Tuesday, May 25, 2010

I be enjoying this stuff

Some of you might actually be old enough to remember the great "Ebonics" flap of 1996-97. The Oakland School Board was considering using Black English to teach Black kids, and predictably the country went bananas.

People yelled that Black English was nothing but slang, but of course slang is a here-today, gone-tomorrow thing. Visit your nearest middle school and listen for how many students are saying "gag me with a spoon." Some said black English is an African language that used English words. That makes no sense for several reasons, including the fact that speakers of Black English use goofy and thoroughly English-language irregular verbs such as went and stood, and plural nouns such as men and feet. You don't find that kind of stuff in Africa.

In fact, Black English is what is called a nonstandard dialect of English, much like what you hear in the "hollers" of Appalachia or in countless parts of the British Isles.

But what was interesting to me was that a majority of Black English comes - not all but in large part - from those very backwaters of the British Isles!

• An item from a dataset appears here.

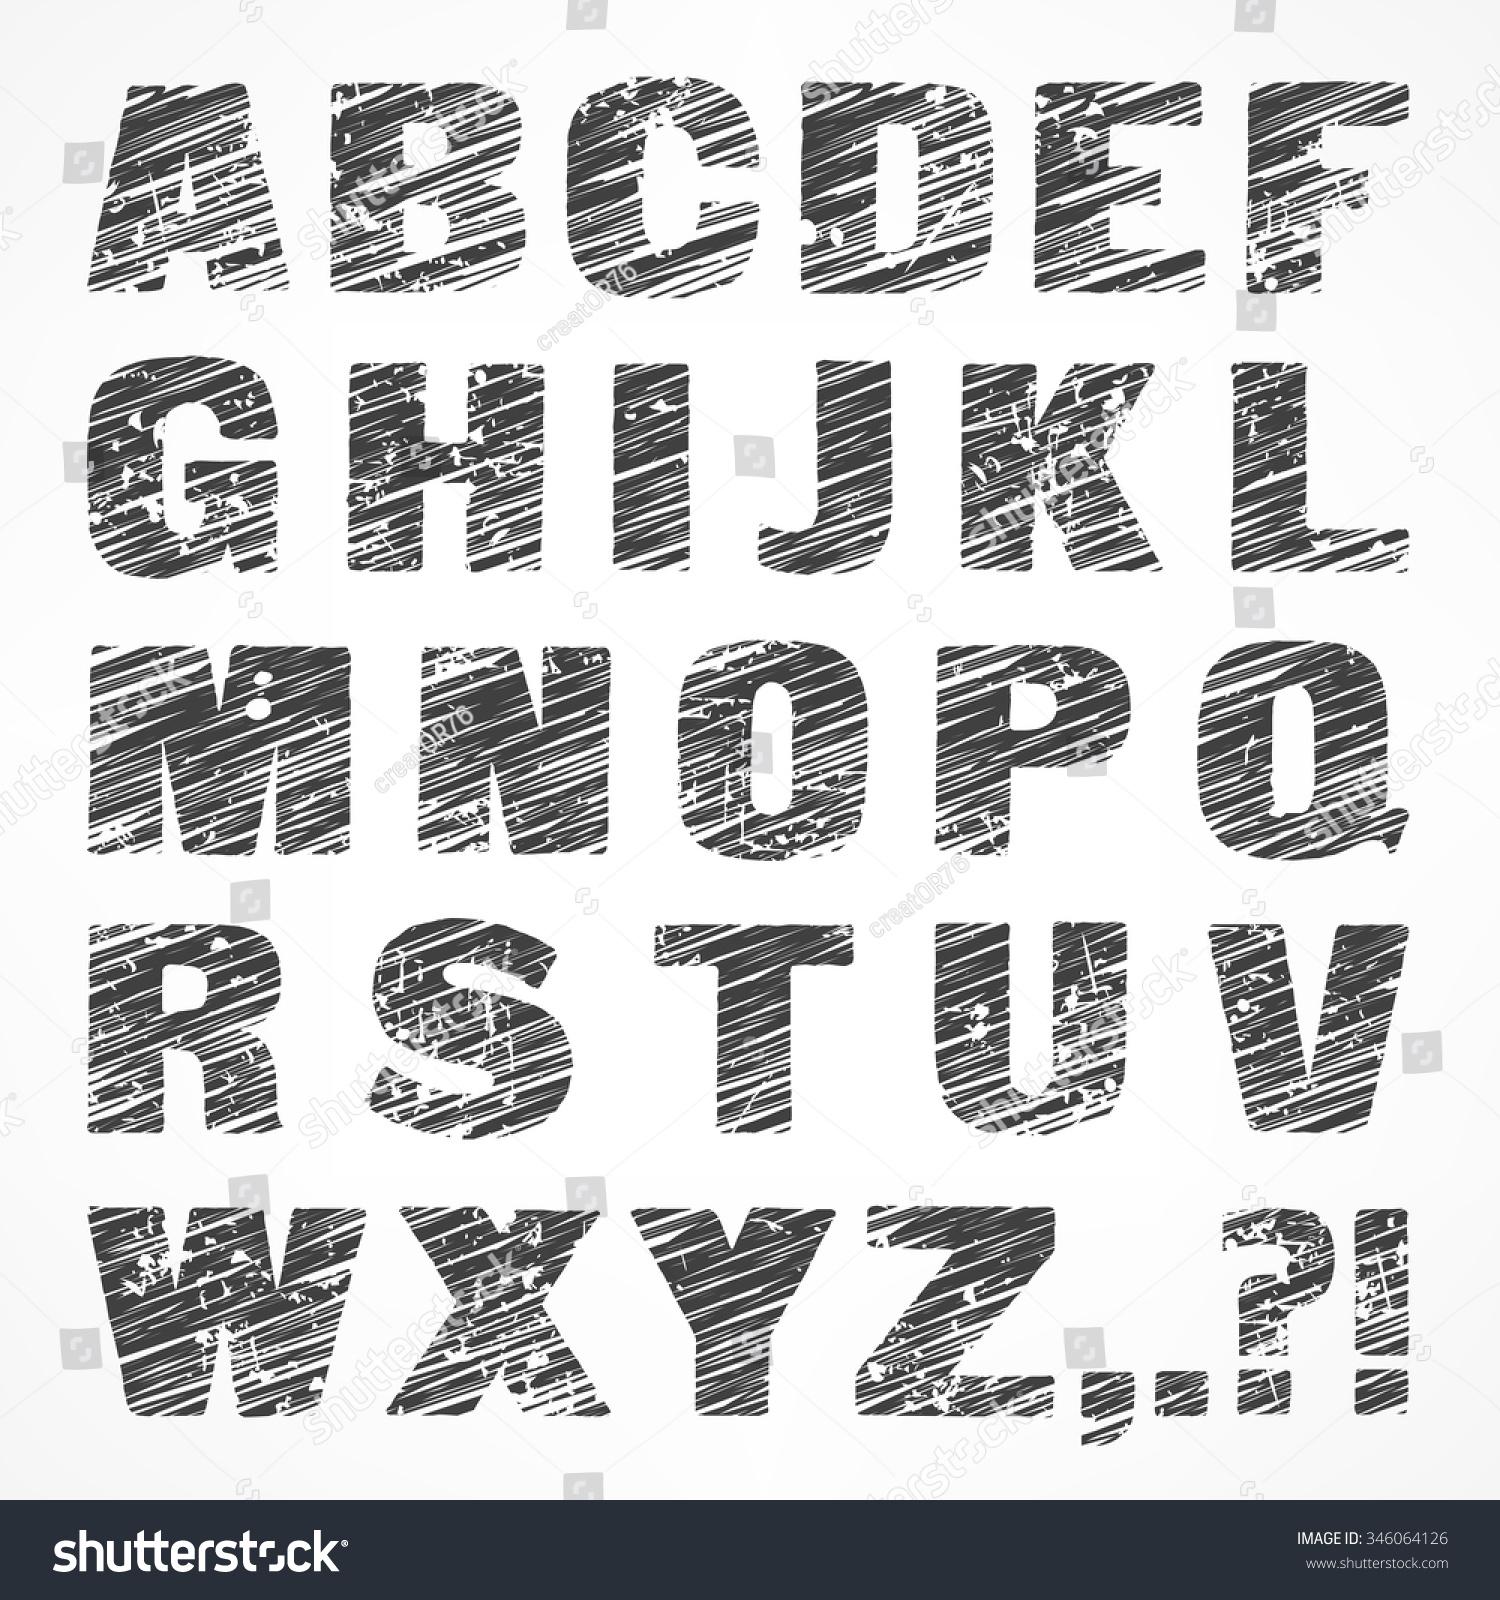 Gray Alphabet Font: Alphabet Caps Sketch Letters Grey Color Stock Vector
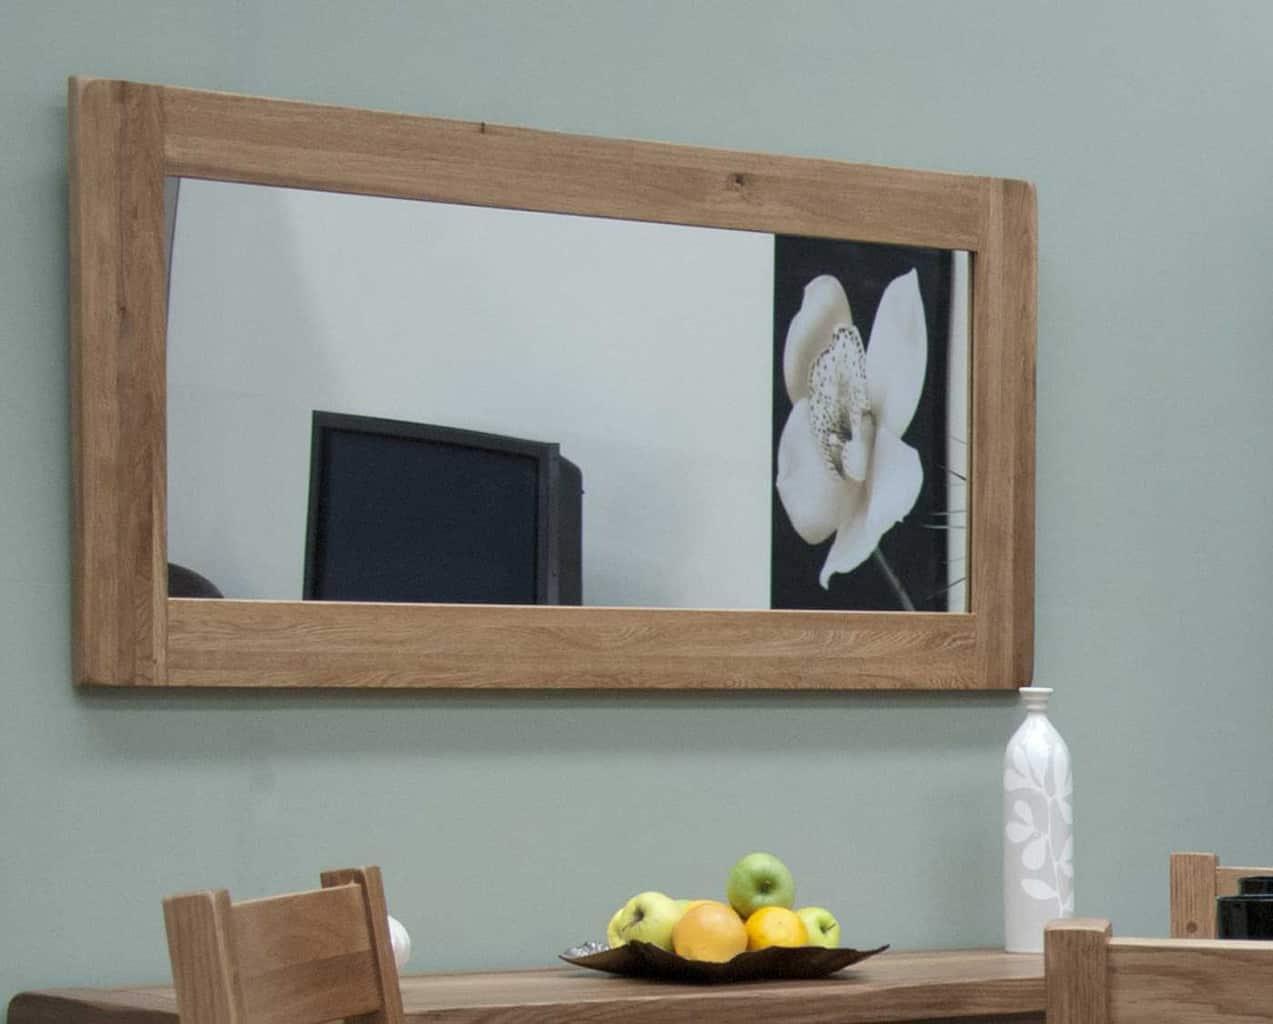 Original Rustic Solid Oak Large Mirror

It turns out that Black slaves often worked alongside indentured servants from the old country, people who generally did not speak standard English. For instance, Irish English speakers use what is called the habitual "be," just as Black English does. (When a Black English speaker says "She be walking to the store," it doesn't means she's doing it now, but that she regularly does.) Similarly, an Irish English speaker might well say that even "if I be there with friends, I be scared."

I think it is cool that many people freaked by a rapper's use of that talk don't have a clue that it comes from the merry old United Kingdom. And, as icing on the cake, that the rappers don't either.